The Salt Creek surf spot lives on the northern edge of Dana Point, and it’s not for the faint of heart. Salt Creek is where the experts go to get barreled. The waves roll in along a rocky point and a sandy beach you might recognize from surf magazines.
That said, it’s considered an awesome spot in Orange County for local and visiting surfers alike. Even boogie boarders head out to enjoy the bigger waves. The Salt Creek break will test your skills while still maintaining the chill surf town vibes you can enjoy offshore.
You can access the Salt Creek surf break from the Pacific Coast Highway and Ritz Carlton Drive. There’s a metered parking lot and a place to refuel and refresh with amazing comfort food and picnic provisions at Young’s Beach Shack. Make it a day at the beach, paddle out and park it on the sand all day long.

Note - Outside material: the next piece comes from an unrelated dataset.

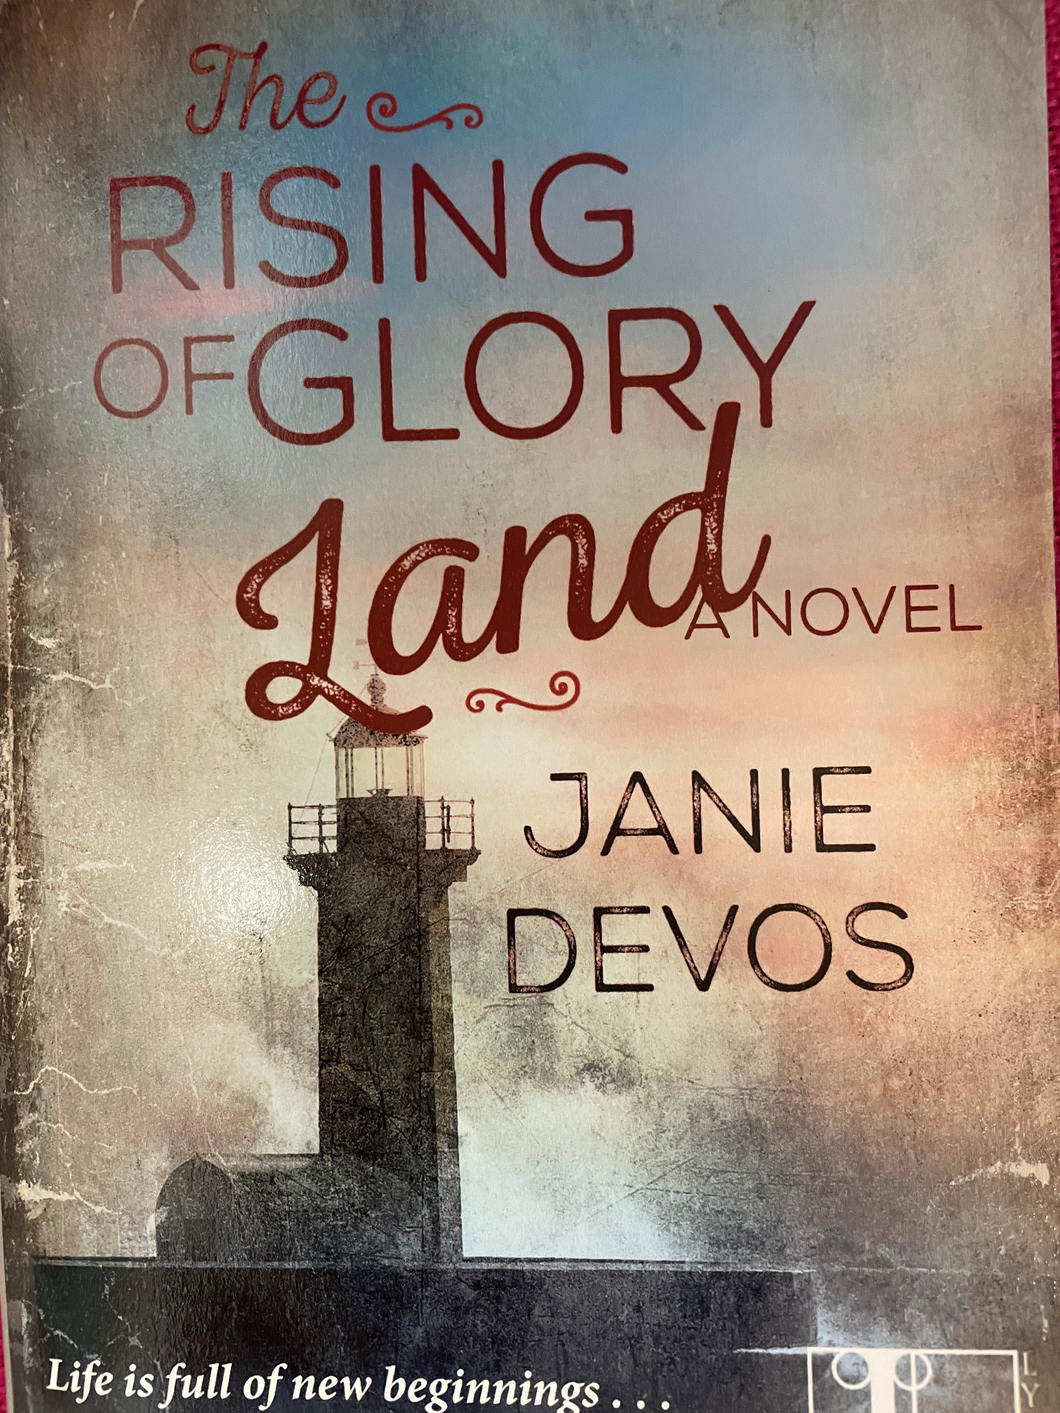 THE RISING OF GLORY LAND

One of the most legendary surf breaks for the likes of Hobie Alter and Bruce Brown was Killer Dana, which existed where the Dana Point Harbor sits in present day Dana Point. The break boasted some of the biggest surf in California with waves sometimes reaching over 12 feet high. The surf break no longer exists since the harbor was built, but the culture of surfing that it housed lives on throughout Dana Point.
As you already know, people have flocked to Dana Point for decades to catch waves and spend time soaking in the sun on the beach. When it comes to the U.S., there is nothing like surfing Dana Point. No place has the same rich history of innovation and participation in California’s official state sport.